> **The problem**
With the pictures left out, copy the listing below exactly.

> **Recorded information**
···
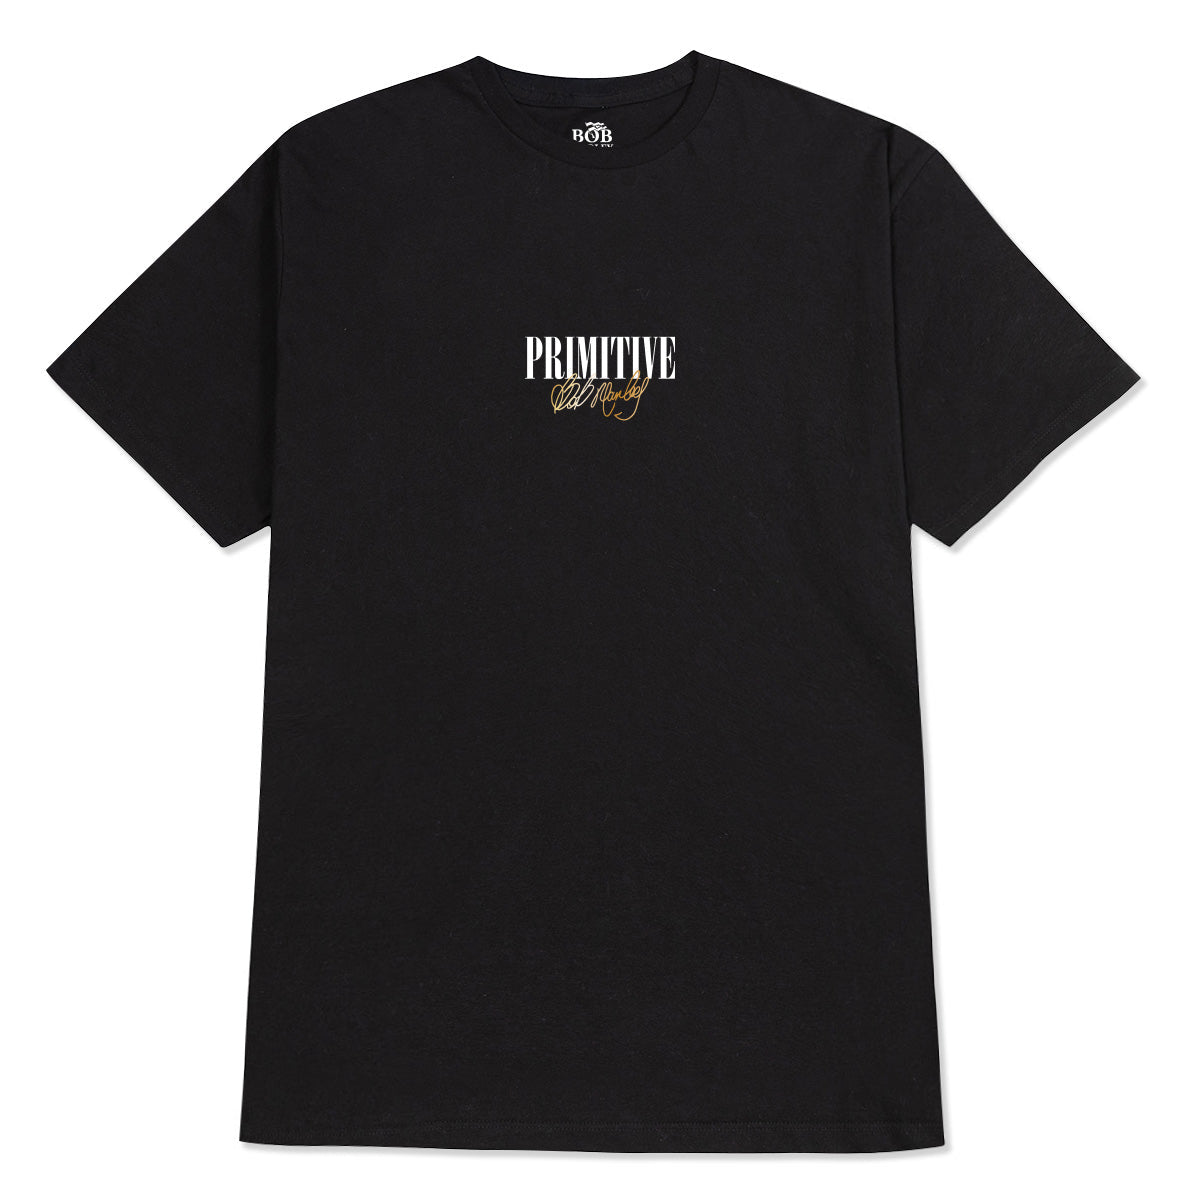 Primitive x Bob Marley Forever T-Shirt - Black image 2
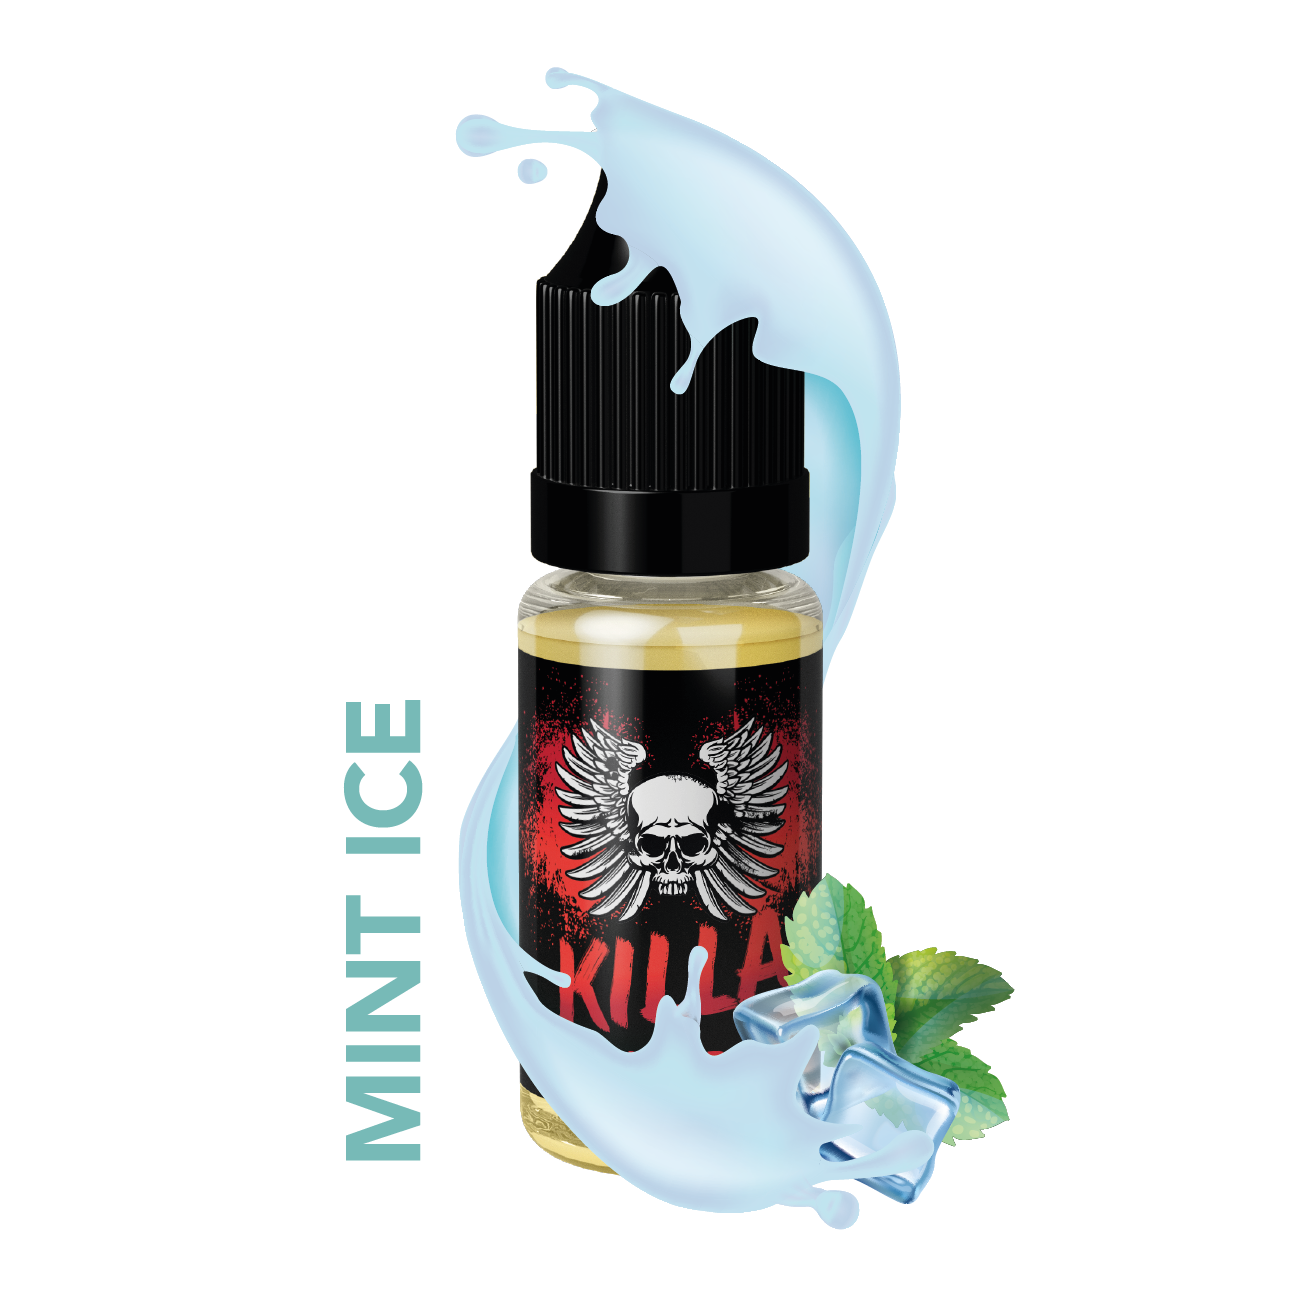 Killa Switch Mint Ice E-liquidimage
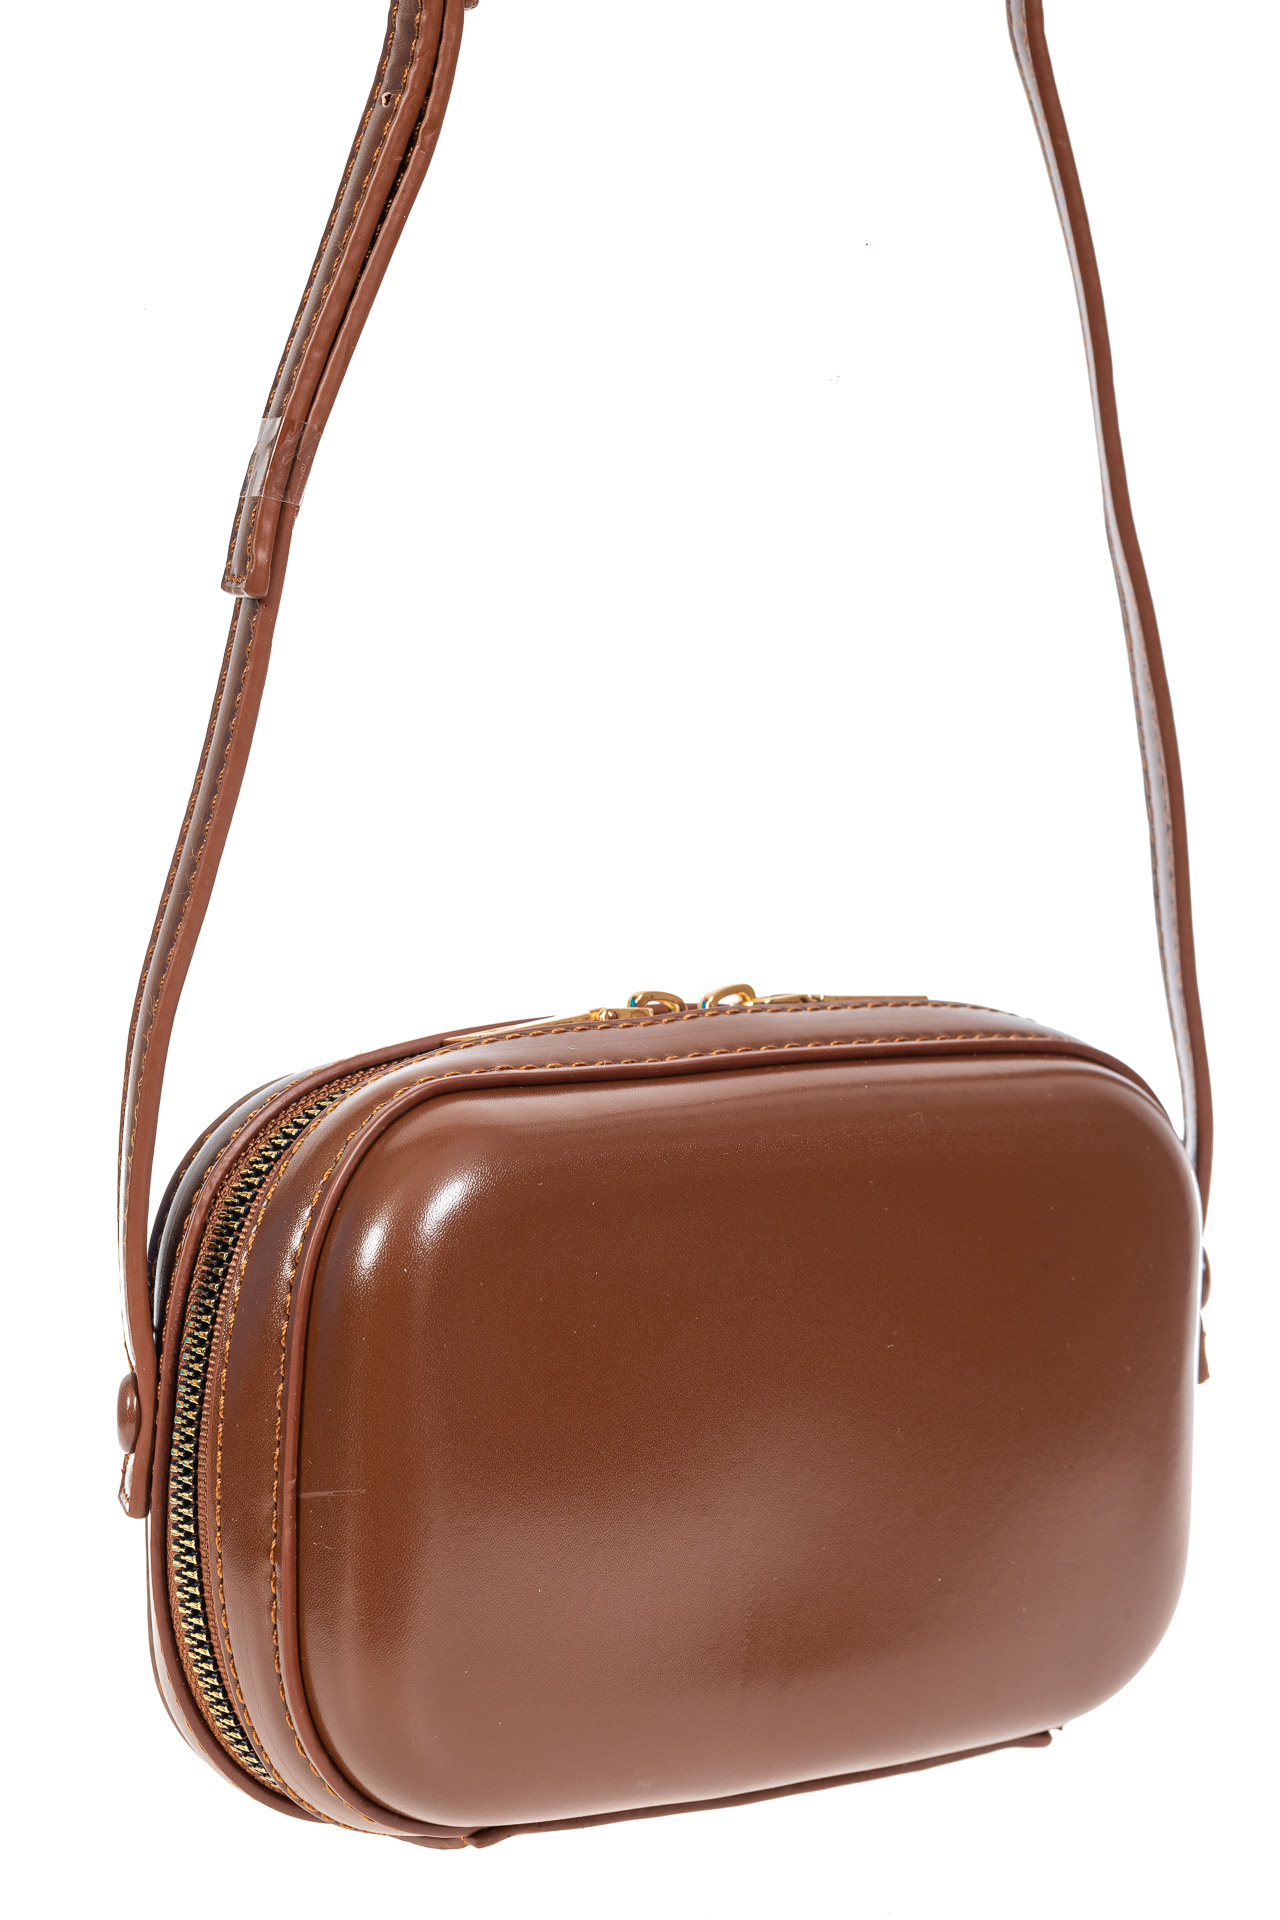 Женская сумка-малышка с жёстким каркасом из искусственной кожи, цвет коричневый
···
> **Response to the task**
 Primitive x Bob Marley Forever T-Shirt - Black image 2
 Killa Switch Mint Ice E-liquidimage
 Женская сумка-малышка с жёстким каркасом из искусственной кожи, цвет коричневый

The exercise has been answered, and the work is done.